Indenting the JSON Data
The easiest way to configure the JSONMediaTypeFormatter is through the convenience property defined by the MediaTypeFormatterCollection class. Listing 13-10 shows how I have used this property to set the value of the Indent property in the WebApiConfig.cs file.
Listing 13-10. Configuring the JSON Media Type Formatter in the WebApiConfig.cs File
using System.Web.Http;
using ExampleApp.Infrastructure;
using System.Net.Http.Formatting;
using System;
namespace ExampleApp {
public static class WebApiConfig {
public static void Register(HttpConfiguration config) {
config.DependencyResolver = new NinjectResolver();
config.MapHttpAttributeRoutes();
config.Routes.MapHttpRoute(
name: "DefaultApi",
routeTemplate: "api/{controller}/{id}",
defaults: new { id = RouteParameter.Optional }
);
MediaTypeFormatter xmlFormatter = config.Formatters.XmlFormatter;
config.Formatters.Remove(xmlFormatter);
config.Formatters.Insert(0, xmlFormatter);
config.Services.Replace(typeof(IContentNegotiator),
new DefaultContentNegotiator(true));
JsonMediaTypeFormatter jsonFormatter = config.Formatters.JsonFormatter;
jsonFormatter.Indent = true;
}
}
}
Setting the Indent property causes the JsonMediaTypeFormatter class to indent the JSON so that each object and property is defined on its own line, indented so that it is easier to read. Start the application and use Postman to send a GET request to /api/products with an Accept header of application/json; you will receive data like this:
[
{
"ProductID": 1,
"Name": "Kayak",
"Price": 275.0
},
{
"ProductID": 2,
"Name": "Lifejacket",
"Price": 48.95
},
...
I have shown only the first two Product objects because the indented JSON takes up a lot of space. Setting the Indent property to true makes it easier to read the JSON that the media type formatter produces, but it creates larger HTTP responses, and the extra characters added to indent the data can cause problems with poorly written client JSON parsers.
Configuring Json.Net
The design of the JsonMediaTypeFormatter class doesn’t hide the fact that it usually depends on the Json.Net package. In fact, the SerializerSettings property and the CreateDefaultSerializerSettings method operate directly on the Json.Net.JsonSerializerSettings class, which is part of the Json.Net package and not part of Web API at all. The Json.Net classes are defined in the Newtonsoft.Json namespace.

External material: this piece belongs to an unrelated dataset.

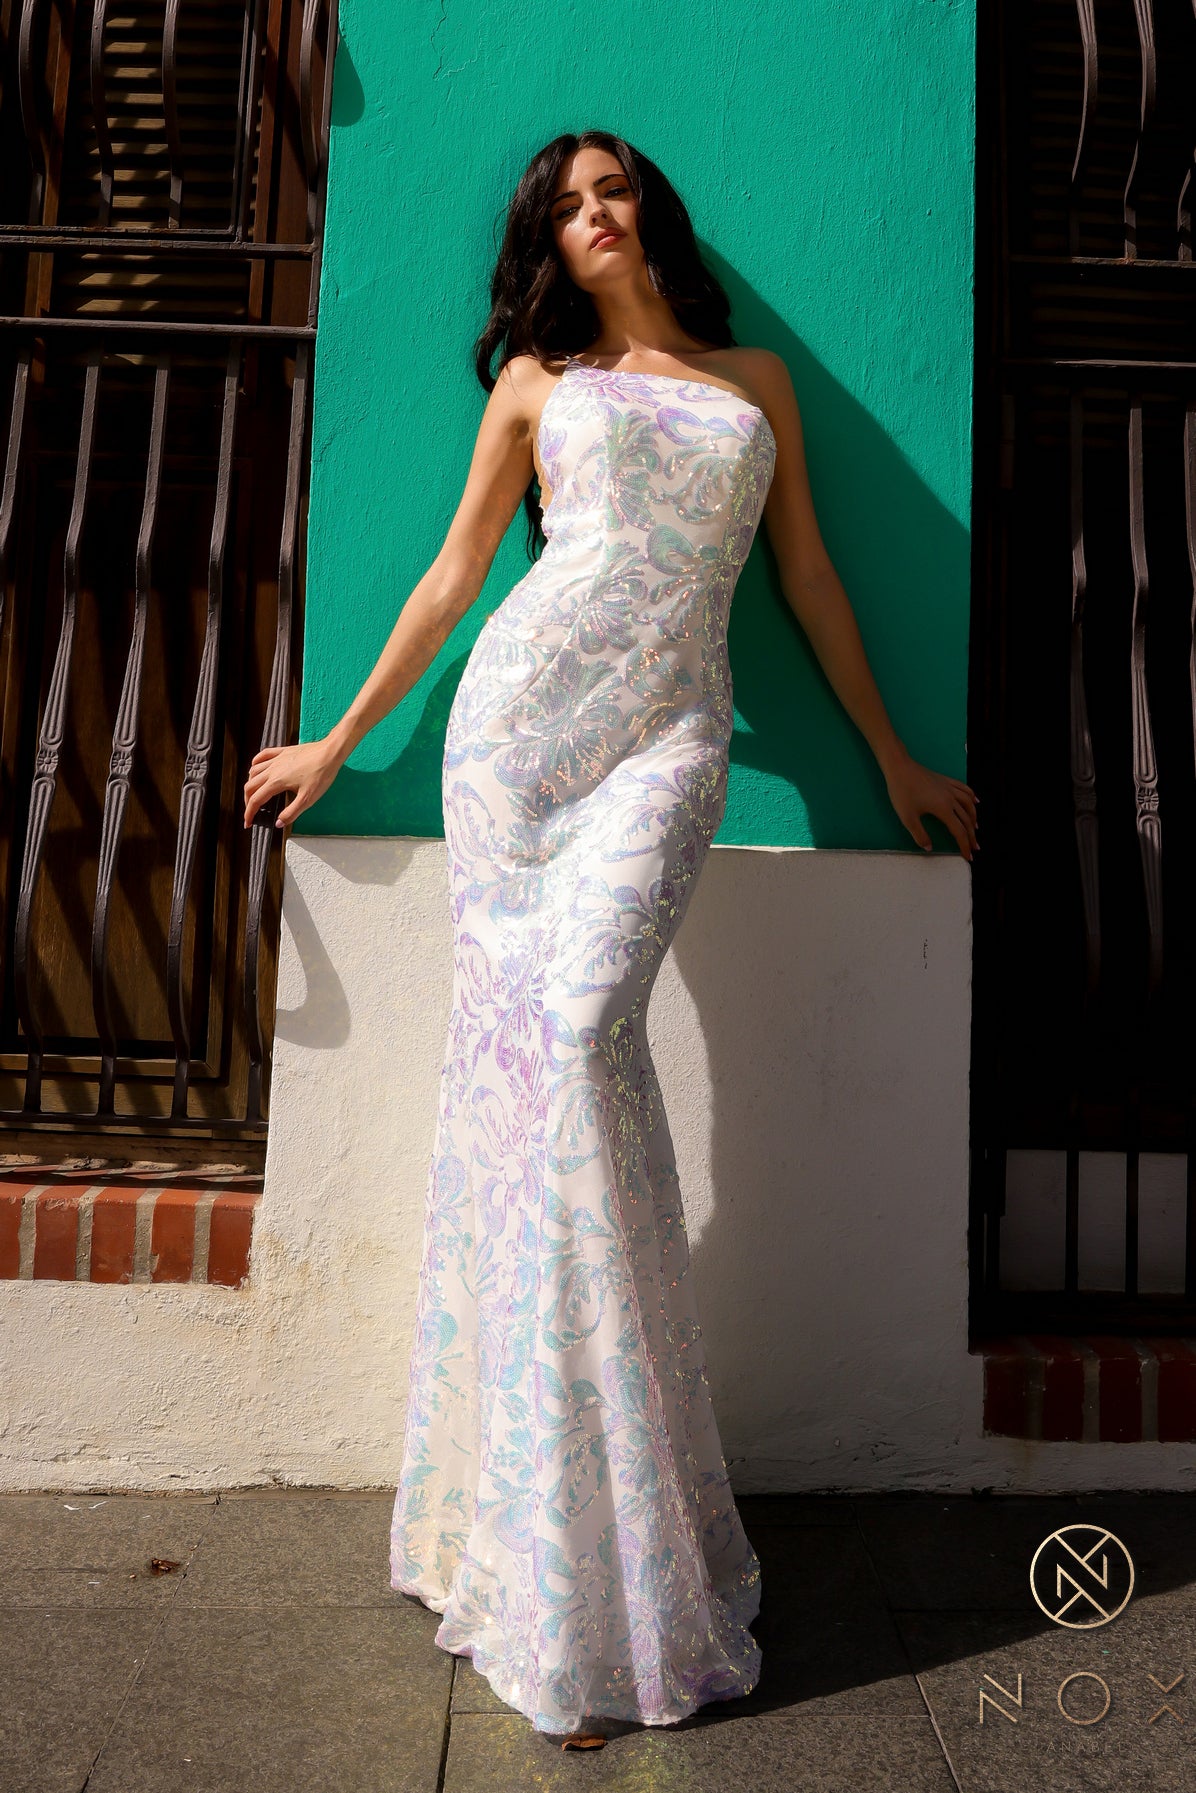 Be the ultimate showstopper in this stunning Nox Anabel R1308 sequin lace one shoulder prom dress. The mermaid silhouette and formal design will give you the confidence to shine on any pageant stage. Guaranteed to make a lasting impression, this gown is a must-have for any special occasion.  Size: 0-16  Colors: Fuchsia, Aqua Blue, White Multi

The CreateDefaultSerializerSettings method creates a new instance of the JsonSerializerSettings class with the default settings used by Web API. The SerializerSettings property is used to get or set the JsonSerializerSettings object that is used to configure Json.Net when the JsonMediaTypeFormatter class reads and writes JSON data. (I explain how JSON is read in Chapter 17 when I describe the model binding process.)
In Table 13-7, I have listed the properties defined by the JsonSerializerSettings class that you may want to change in a Web API project and the default values that JsonMediaTypeFormatter uses. They largely relate to data types for which the JSON specification doesn’t contain a definition and some kind of agreement between the client and the web service about how they are expressed.

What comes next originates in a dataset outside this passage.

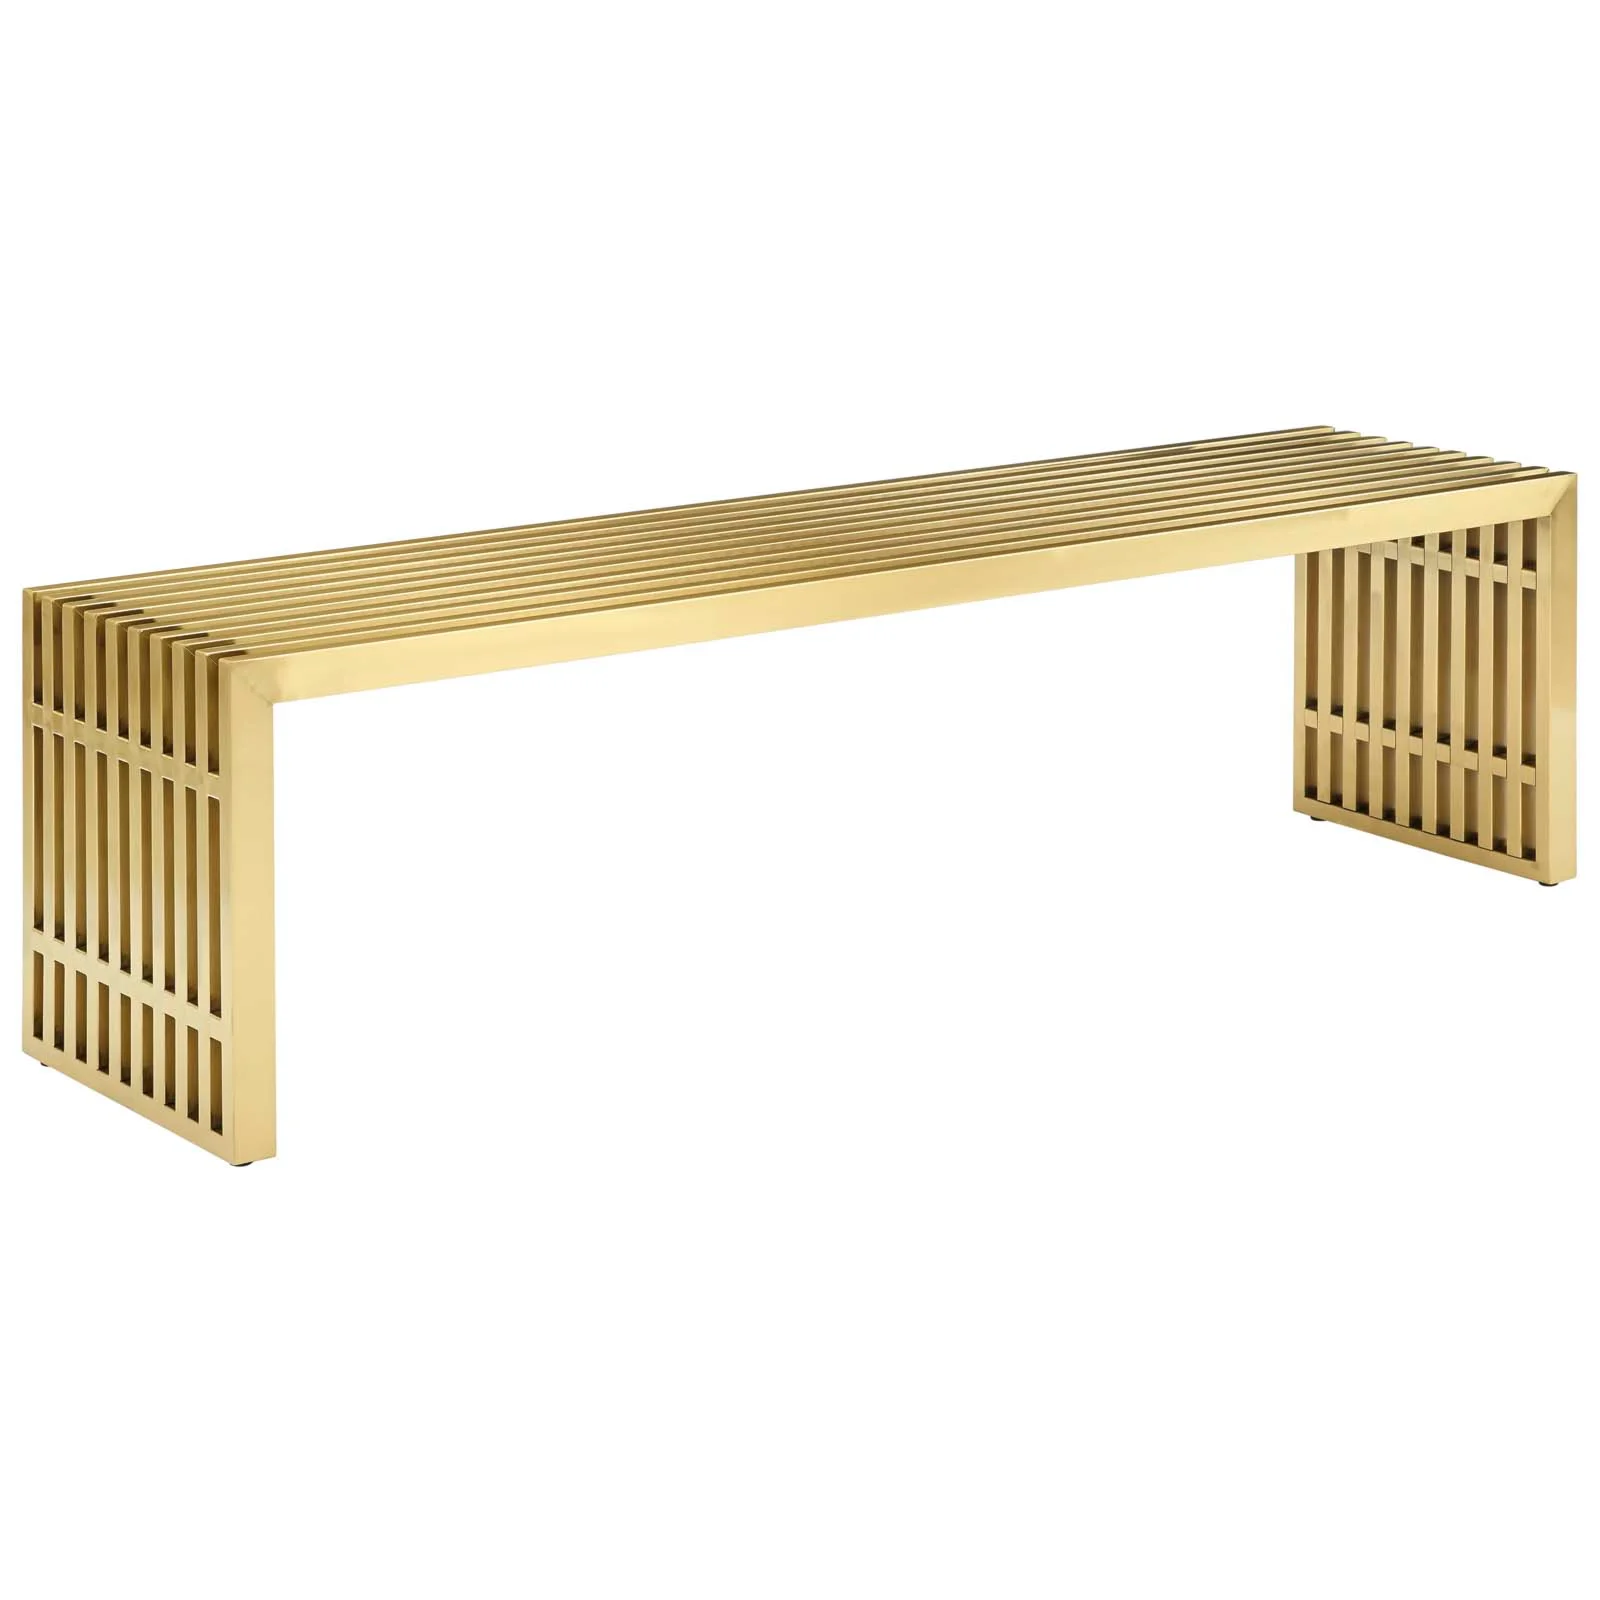 Modway EEI-3036-GLD Gridiron Console Table in Brushed Gold

Table 13-7. The Most Useful SerializerSettings Properties
Name | Description |
|---|---|
DateFormatHandling | Specifies how dates are written in JSON, expressed as a value from the DateFormatHandling enumeration. The values are IsoDateFormat (the default), which writes dates as 2015-01-20T09:20Z, and MicrosoftDateFormat, which preserves compatibility with earlier Microsoft web services. See the “Handling JSON Dates” section for details. |
DateFormatString | Overrides the DateFormatHandling property and sets a custom format for dates. The value used when DateFormatHandling is IsoDateFormat is yyyy'-'MM'-'dd'T'HH':'mm':'ss.FFFFFFFK. |
DefaultValueHandling | Specifies how default values are handled, expressed using the DefaultValueHandling enumeration. The default value is Include, but see the “Handling Default Values” section for further details. |
NullValueHandling | Specifies whether properties that are null are included in JSON data, using a value from the NullValueHandling enumeration. The default value is Include, meaning that the properties are included. The other value available is Ignore, which omits such properties from the JSON data. |
StringEscapeHandling | Specifies how string values are escaped in the JSON data, using a value from the StringEscapeHandling enumeration. The default value is Default, but see the “Handling String Escaping” section for more details. |
Tip See http://james.newtonking.com/json/help/index.html for full details of the properties defined by the JsonSerializerSettings class, including the ones that I have not included in this chapter.
Creating the Example Controller and Client
Some of the JSON serializer options are worth further explanation. I get into the details in the sections that follow, but first I need to enhance the example project so that I can demonstrate the formatting features. First I added a class file called FormatsController.cs to the Controllers and used it to define the controller shown in Listing 13-11.
Listing 13-11. The Contents of the FormatsController.cs File
using System;
using System.Web.Http;
namespace ExampleApp.Controllers {
public class FormatsController : ApiController {
public object GetData() {
return new {
Time = DateTime.Now,
Text = "Joe <b>Smith</b>",
Count = 0
};
}
}
}
The Web API controller defines a single action method that returns a dynamic object containing Time, Text, and Count properties. I’ll use these properties to demonstrate different formatting options shortly.
I need to have some way to target the Web API controller, so I added an action method to the MVC Home controller, as shown in Listing 13-12.
Listing 13-12. Adding an Action Method in the HomeController.cs File
using System.Web.Mvc;
using ExampleApp.Models;
namespace ExampleApp.Controllers {
public class HomeController : Controller {
IRepository repo;
public HomeController(IRepository repoImpl) {
repo = repoImpl;
}
public ActionResult Index() {
return View(repo.Products);
}
public ActionResult Formats() {
return View();
}
}
}
The new action method, Formats, calls the View method to render the default view. There is no view model data required because I use Ajax to send an HTTP request to the web service. Listing 13-13 shows the contents of the Views/Home/Formats.cshtml file, which I created to be rendered by the Formats action method.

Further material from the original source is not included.